# [Collected data]
· · · ·

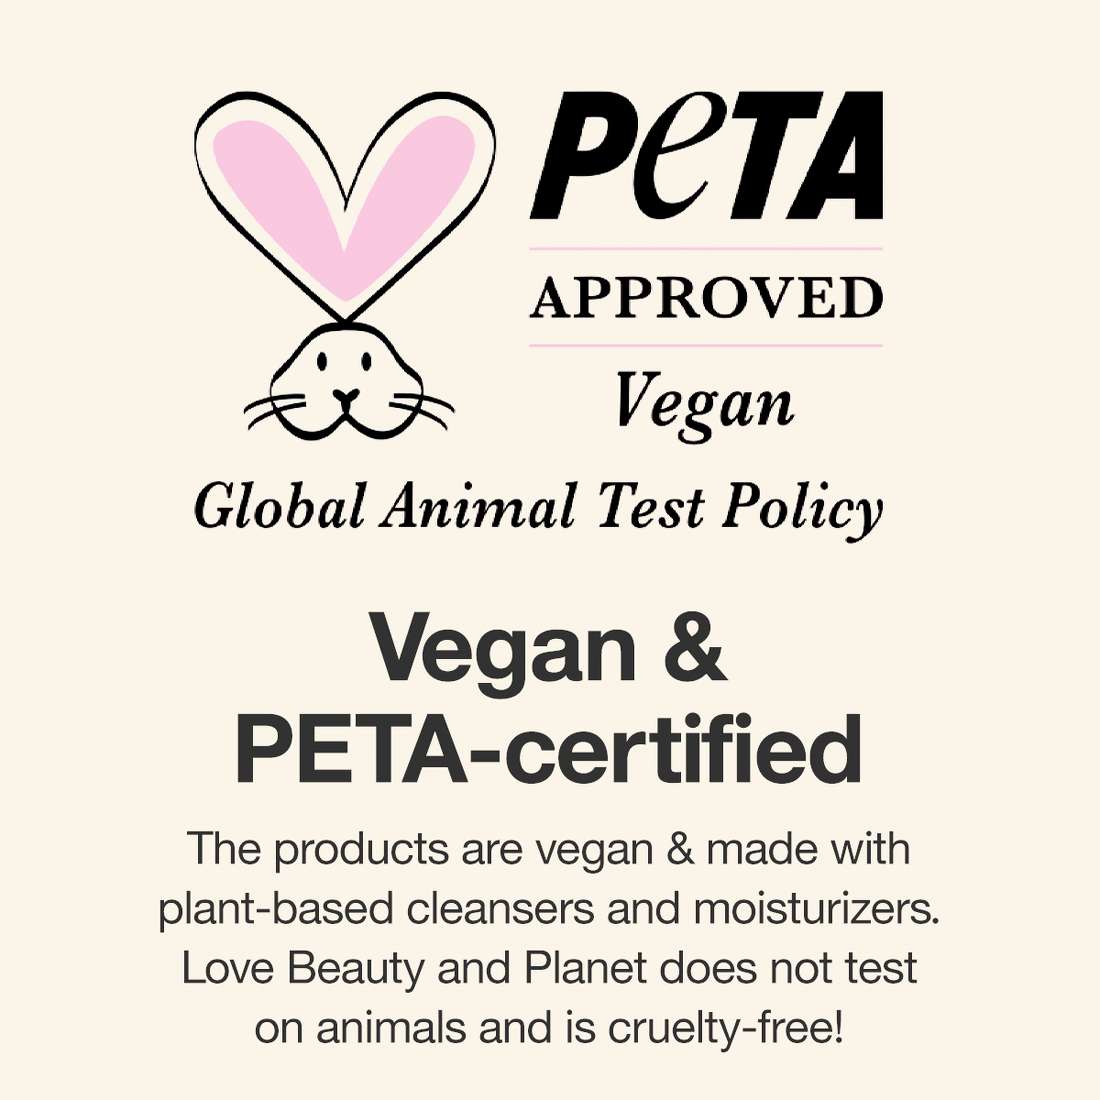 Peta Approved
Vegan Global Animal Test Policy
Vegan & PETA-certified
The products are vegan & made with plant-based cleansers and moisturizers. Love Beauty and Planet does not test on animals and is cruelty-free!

· · · ·

# [Task directions]
The reply should hold every line of the material above, unchanged, and no pictures.

# [Written response]
 Peta Approved
Vegan Global Animal Test Policy
Vegan & PETA-certified
The products are vegan & made with plant-based cleansers and moisturizers. Love Beauty and Planet does not test on animals and is cruelty-free!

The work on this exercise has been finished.